We have mice that manage to find the feed if we leave it in a bag.  Which is why I'm at  my current need to re-arrange and re-organize.  I've been storing feed bags in the house since there are no mice issues inside - but I'm going crazy having valuable living space taken up by feed bags - with a family of nine we need every bit of living space we can manage - I don't want to have to share my pantry with the animals anymore.

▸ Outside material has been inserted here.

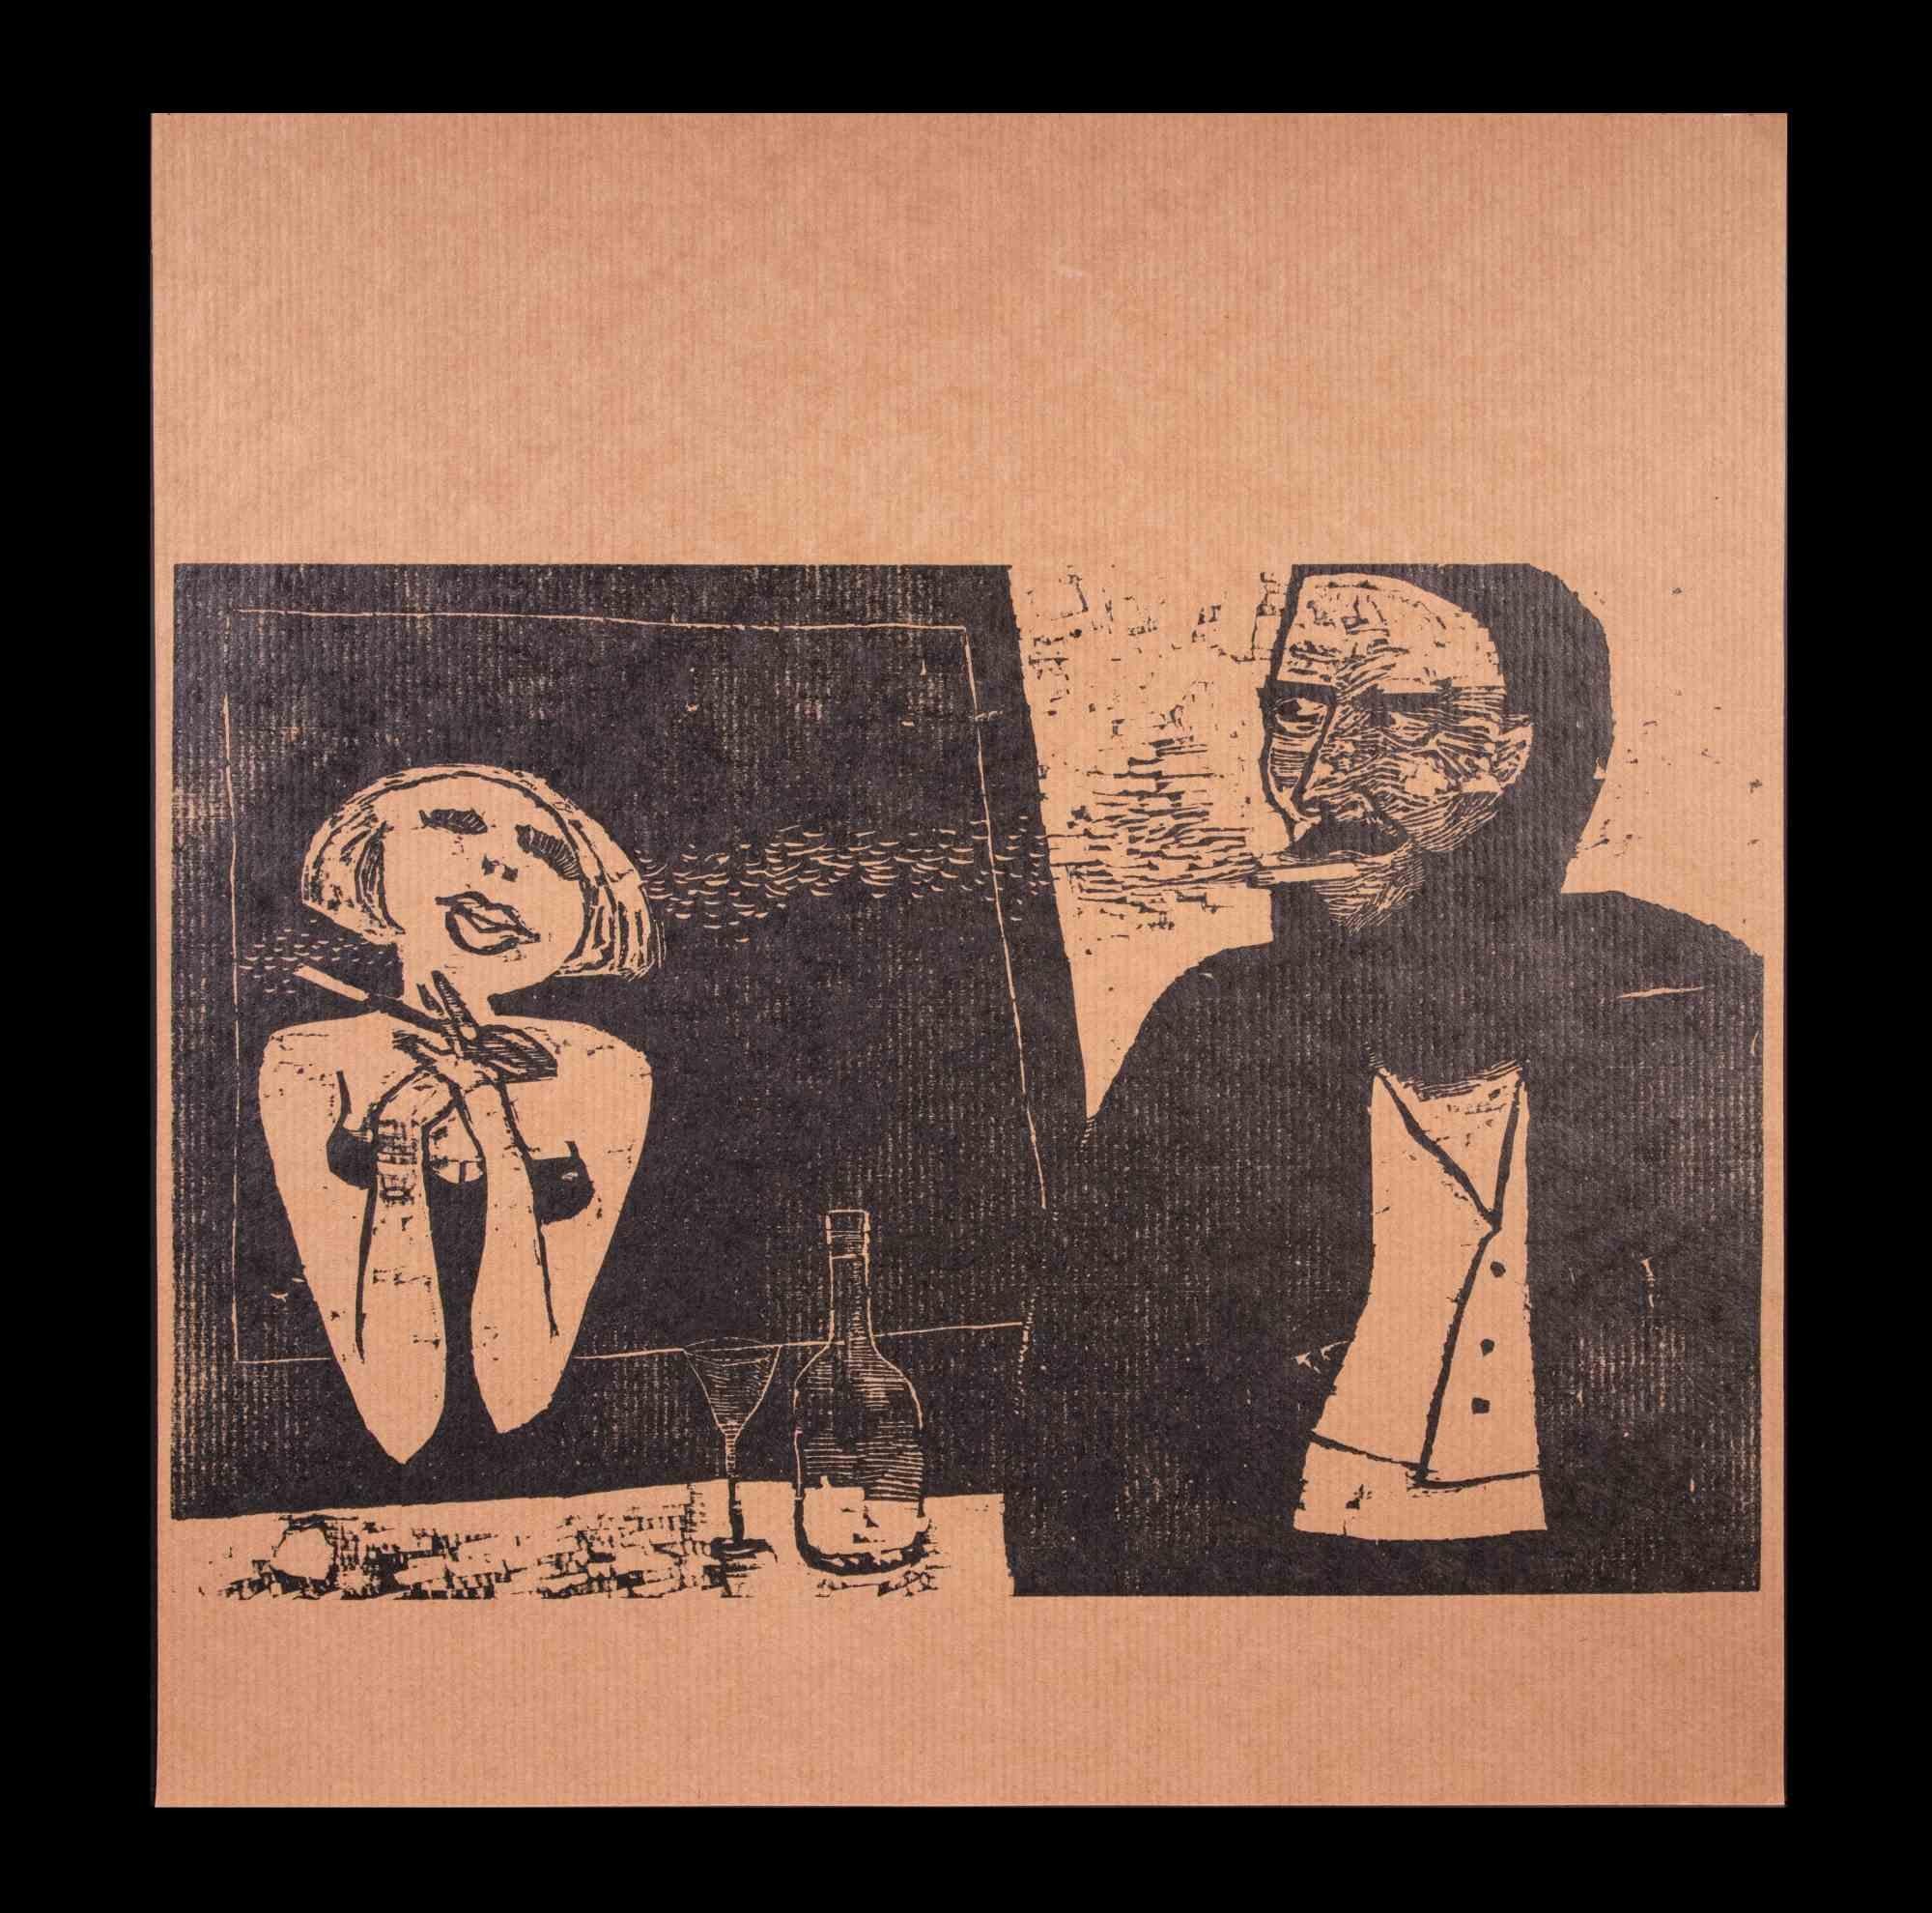 Unknown Figurative Print - A Man and a Woman - Original Woodcut print  - Early 20th Century

We get very hot in the summer but the humidity stays low, so moisture/mold is usually not an issue for us - but the bugs and rodents can be.  I need a good barn cat - but I need to KNOW it's a good barn cat and that's hit and miss with a kitten.


----------



## RPC (Jun 23, 2011)

I always only buy 2-3 weeks of feed at a time that way if something happens to the feed I don't loose a bunch of money. The unopened bags are kept in the garage so the raccoons don't get into them and then the open bags are kept in garbage cans.


----------



## Mossy Stone Farm (Jun 23, 2011)

I have an old chest frezer i use for my whole grains it has a nice divider so i can have oats on one side and barley/peas/ boss mix on the other side. I also have a few metal cans for turkey and chicken feeds and a metal can in the milking room that hold 50 lbs of milking ration, that is mixed from the frezer. All together it is about 3 or 4 mos worth..so far this has worked well to keep mice/rats or what ever might come around.. OUT!!! And i hate those long tailed critters...


----------



## Our7Wonders (Jun 23, 2011)

I like the idea of an old chest freezer!  That would make a great bug/mouse free seal.  I bet I can pick up one for free seeings that people often have to pay to get rid of them.    Then a garbage can for the current working supply.

Great idea - thank you!


----------



## SuburbanFarmChic (Jun 24, 2011)

I second using an old chest freezer.  Or turn an upright fridge on it's side and you can store feed in the fridge part and supplements in the freezer part.


----------



## Chirpy (Jun 24, 2011)

I, too, have an old chest freezer.  I keep mine in the barn and it holds a lot of feed bags... not even the raccoons can get into it!  You may be able to find one on Craigslist for free since people don't think they have any value if they don't work!  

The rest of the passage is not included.